The Impiety of the 5-Day Work Week and Exodus 20:9 « Backwoods Presbyterian


----------



## CharlieJ (Aug 3, 2008)

I agree. God has convicted me much in the last year about my Saturday indulgences, acting as if it were a "play-day." Putting more of that time into study and reading has brought me great benefit.


----------



## Anton Bruckner (Aug 3, 2008)

I understand this commandment to mean that all worldly duties including work and recreation to be done in 6 days with the 7th being a day peculiarly consecrated for holiness.


----------



## etexas (Aug 3, 2008)

As one who is an investor with some sideline banking, 5 Days is pretty much all I can do on that front. I use Saturday to read ,spend time with my wife and catch up on things. I don't really view it as a wasted day, it is slower paced, but I really see nothing to feel guilty about.


----------



## Contra_Mundum (Aug 3, 2008)

I think the problem is "idleness". However, WHAT constitutes idleness is one of those things I don't think the Bible is going to legislate.


----------



## CharlieJ (Aug 3, 2008)

Contra_Mundum said:


> I think the problem is "idleness". However, WHAT constitutes idleness is one of those things I don't think the Bible is going to legislate.


----------



## Ivan (Aug 3, 2008)

With a 50 hour a week job and a church to pastor...well, it's not a problem for me.

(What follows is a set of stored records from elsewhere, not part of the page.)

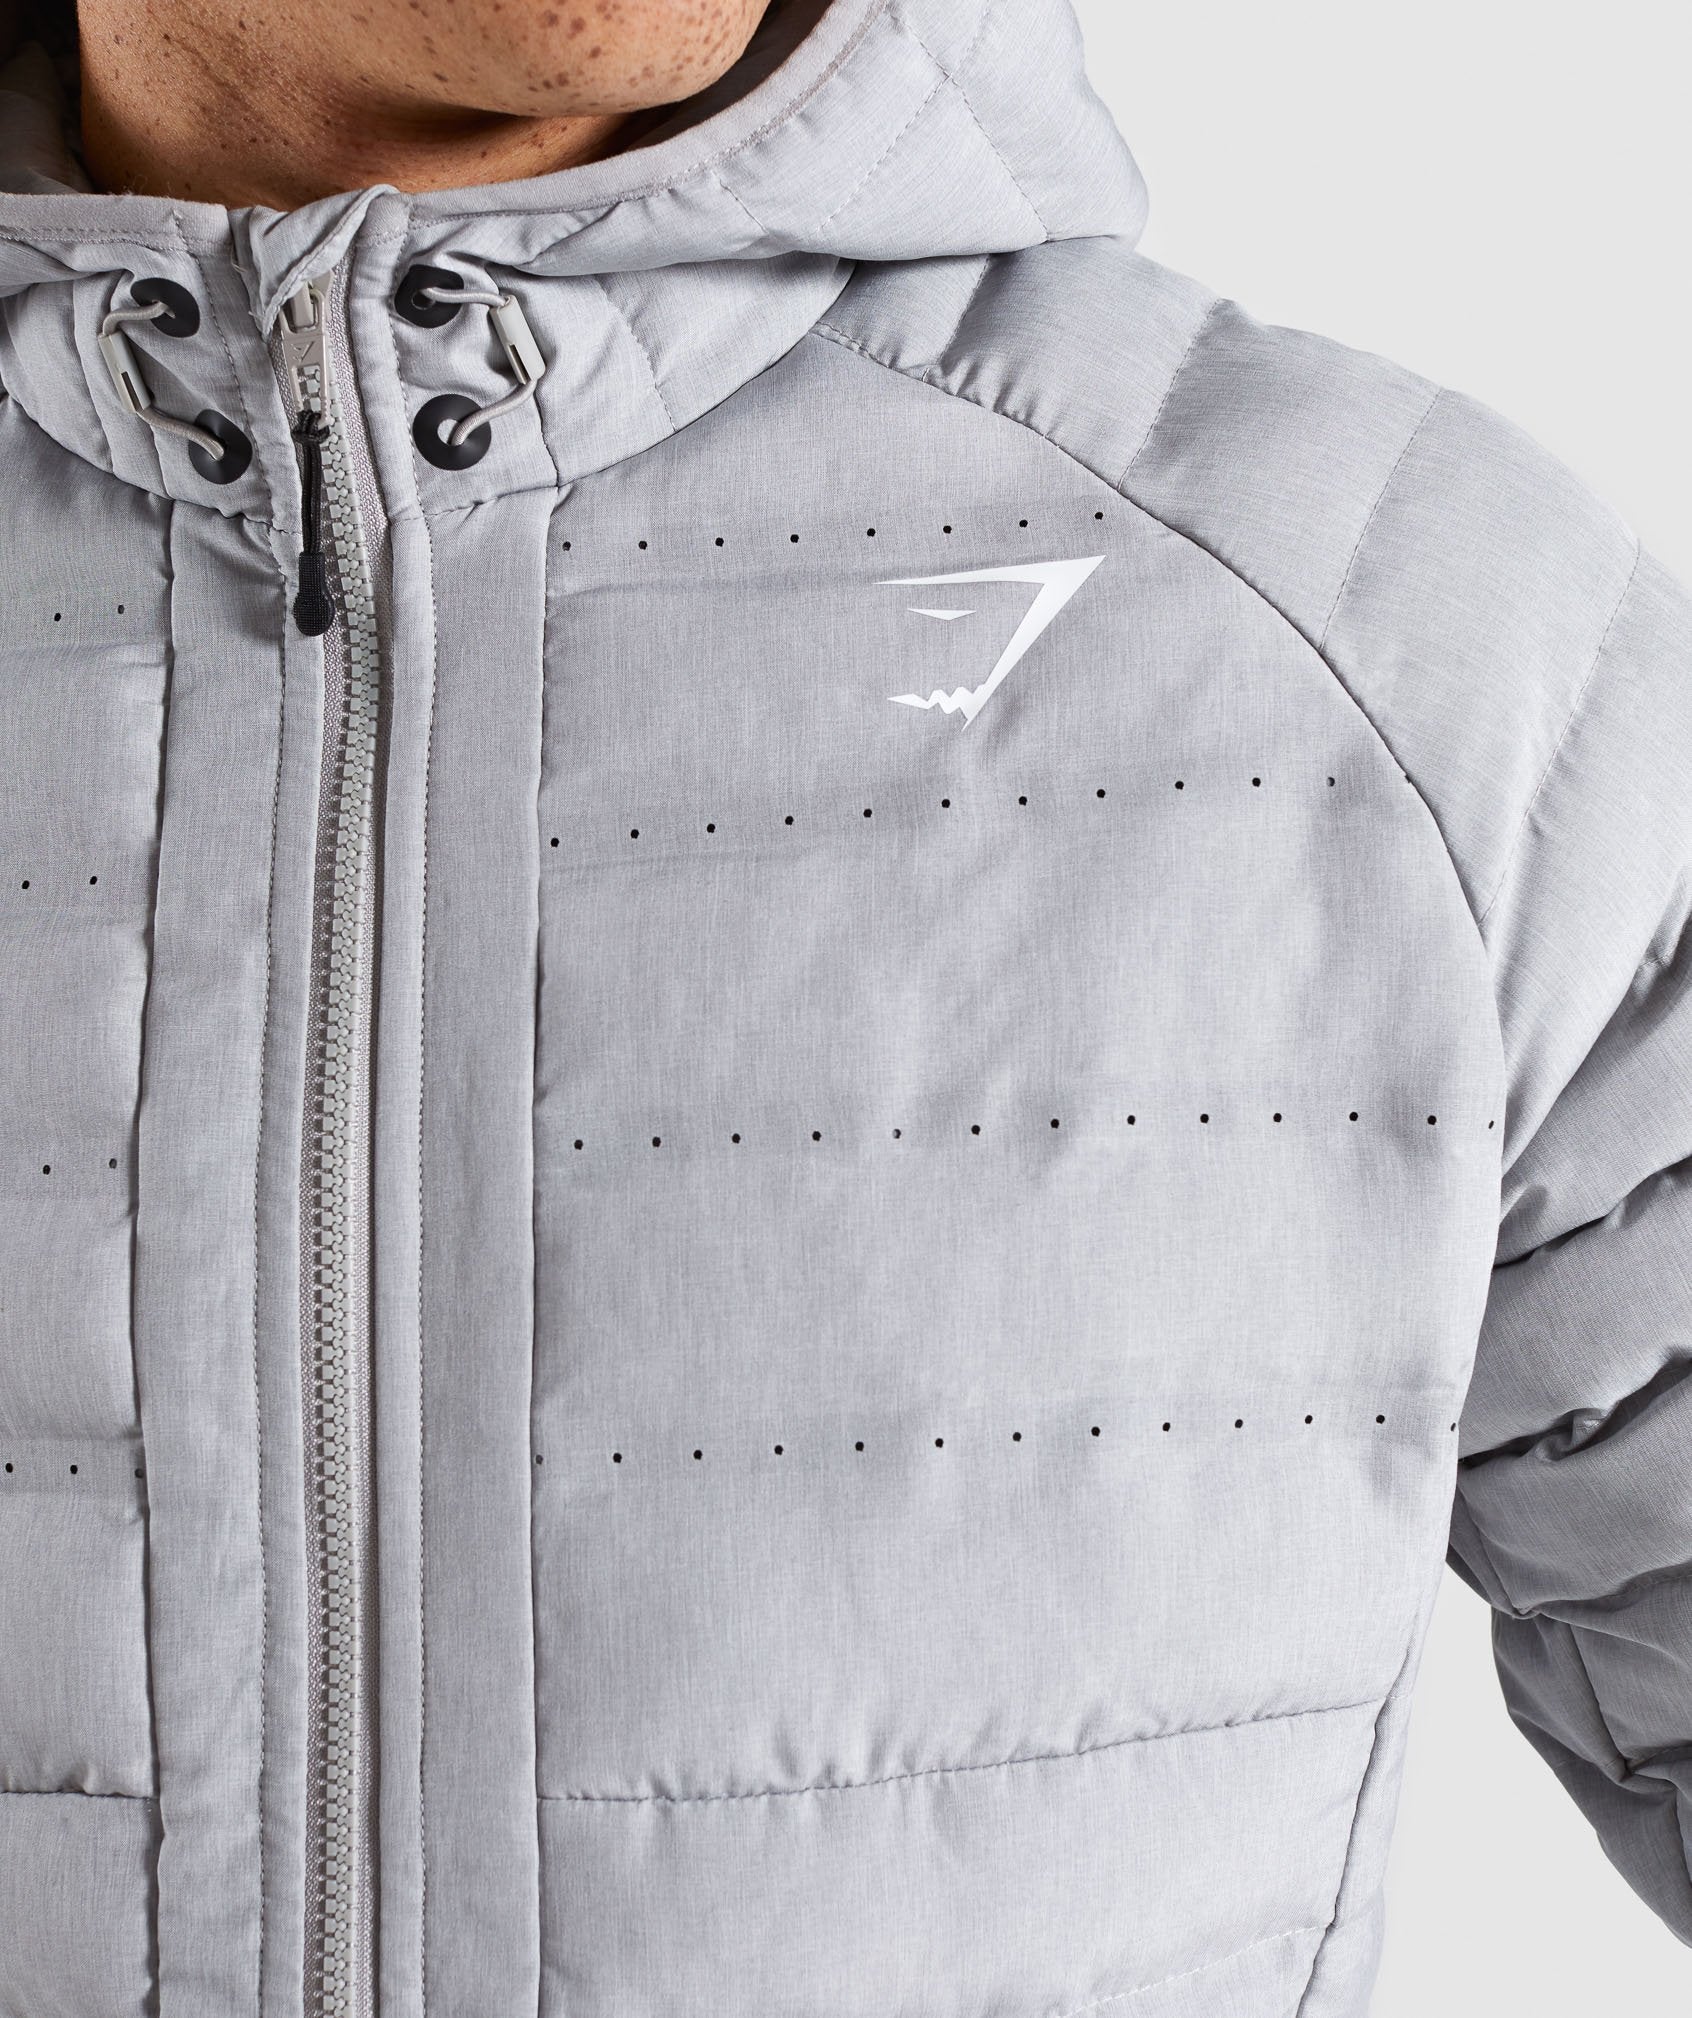 Sector Jacket V2 in Light Grey - view 5
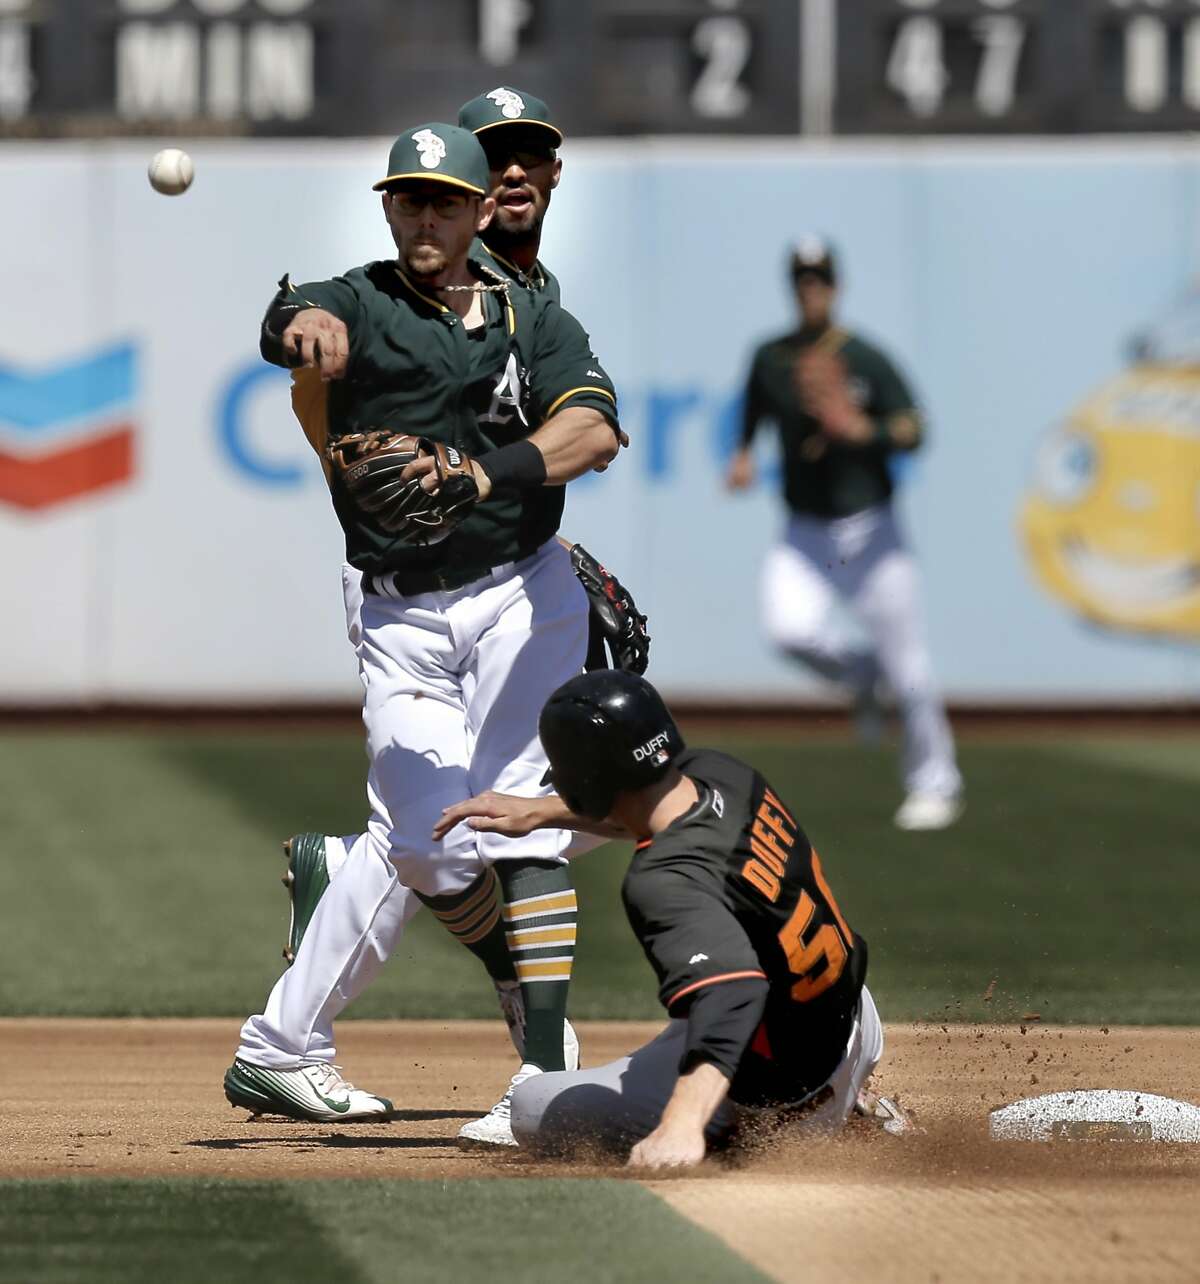 A's Eric Sogard, turns a double play forcing Matt Duffy at second base and getting Angel Pagan at first base in the 1st inning, as the Oakland Athletics take on the San Francisco Giants in of game three of the Bay Bridge Series at O.co Coliseum in Oakland, Calif., as seen on Sat.. April 4, 2015.
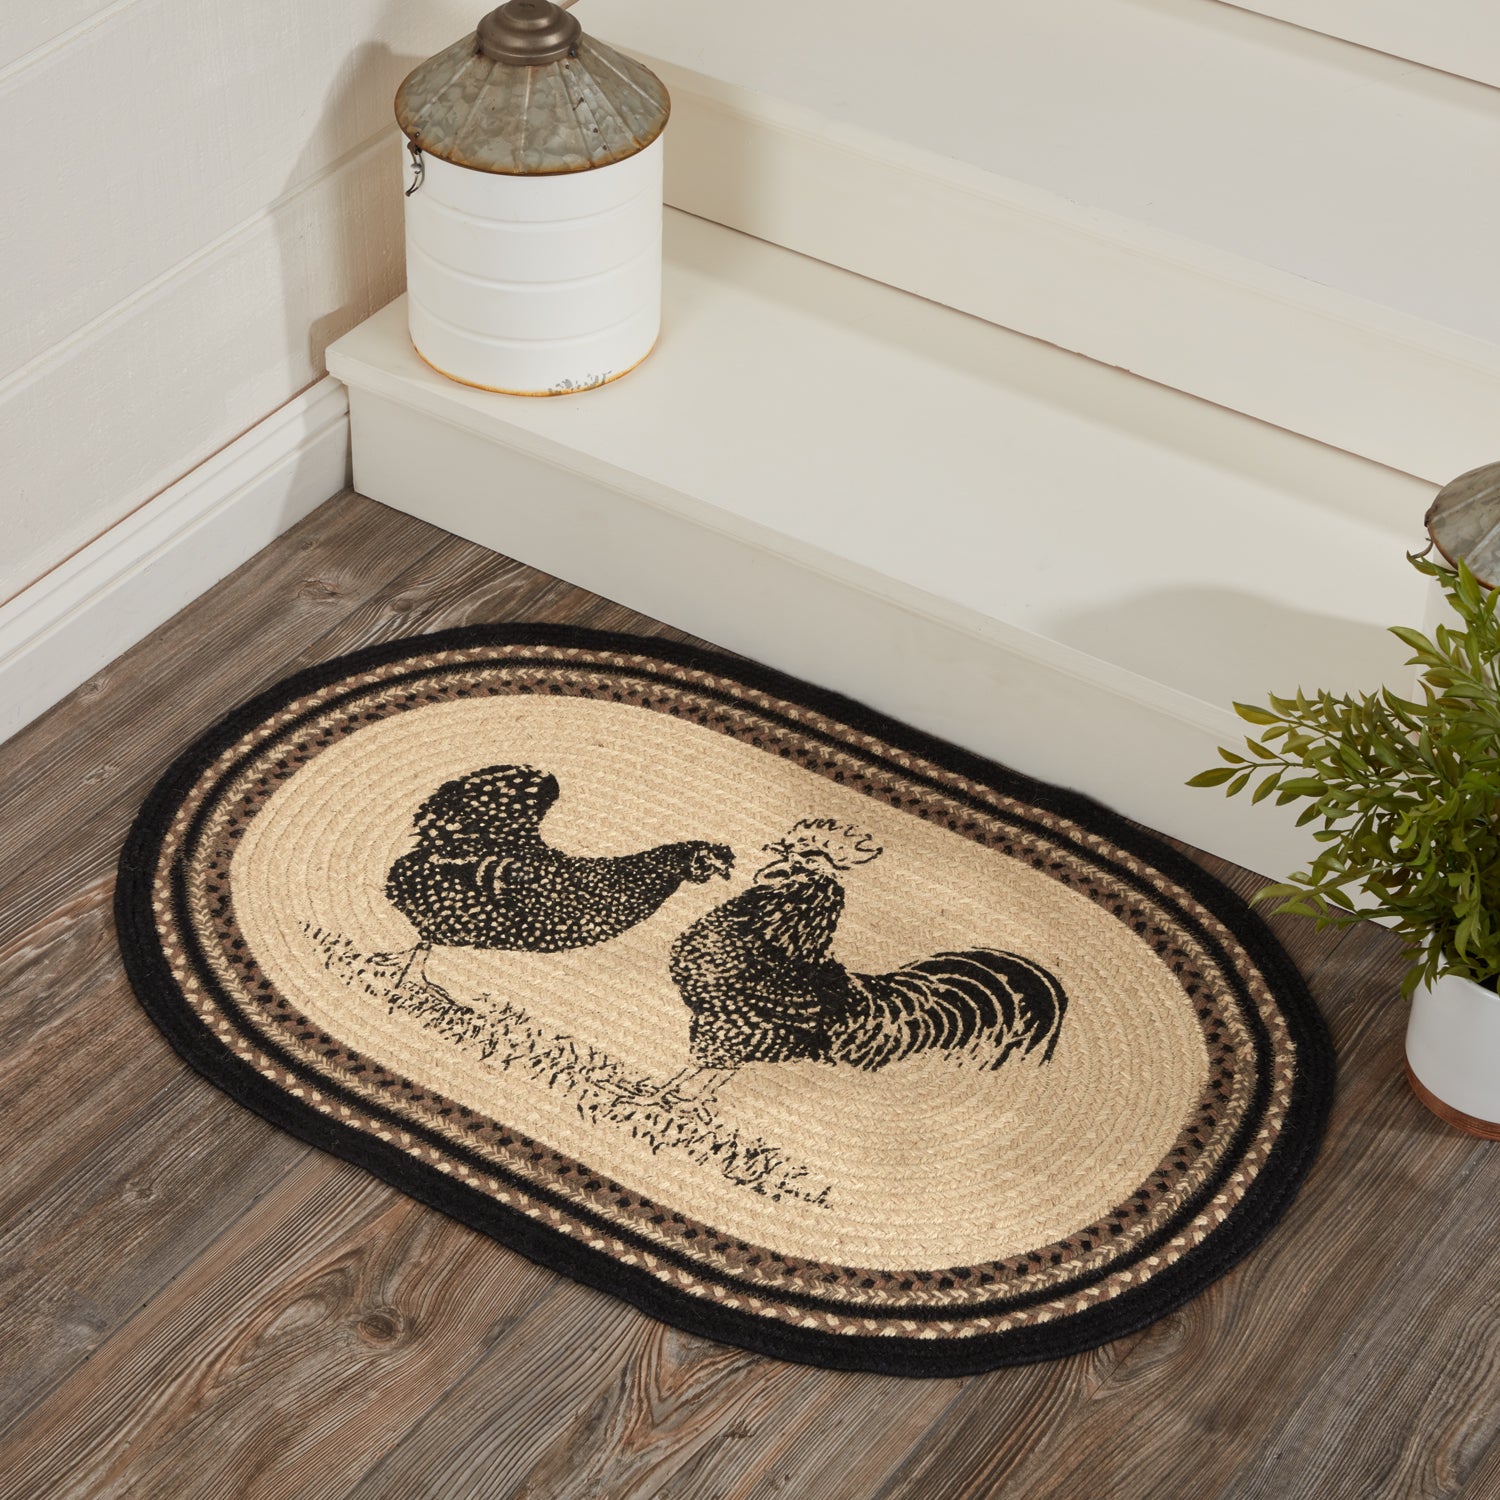 69391-Sawyer-Mill-Charcoal-Poultry-Jute-Rug-Oval-w-Pad-20x30-image-1

I'm rarely "idle", although I'd like more time with my wife.


----------



## bookslover (Aug 5, 2008)

In our culture, many people use that sixth day (Saturday) to catch up on other kinds of work they don't have time to do during the five-day work week: grocery shopping, laundry, lawn mowing and general work around the house, etc. This is a perfectly legitimate use of the day. It's sort of an "extra" day to get other stuff done.

Playing golf or watching sports on TV is also a legitimate use of the day, of course.


----------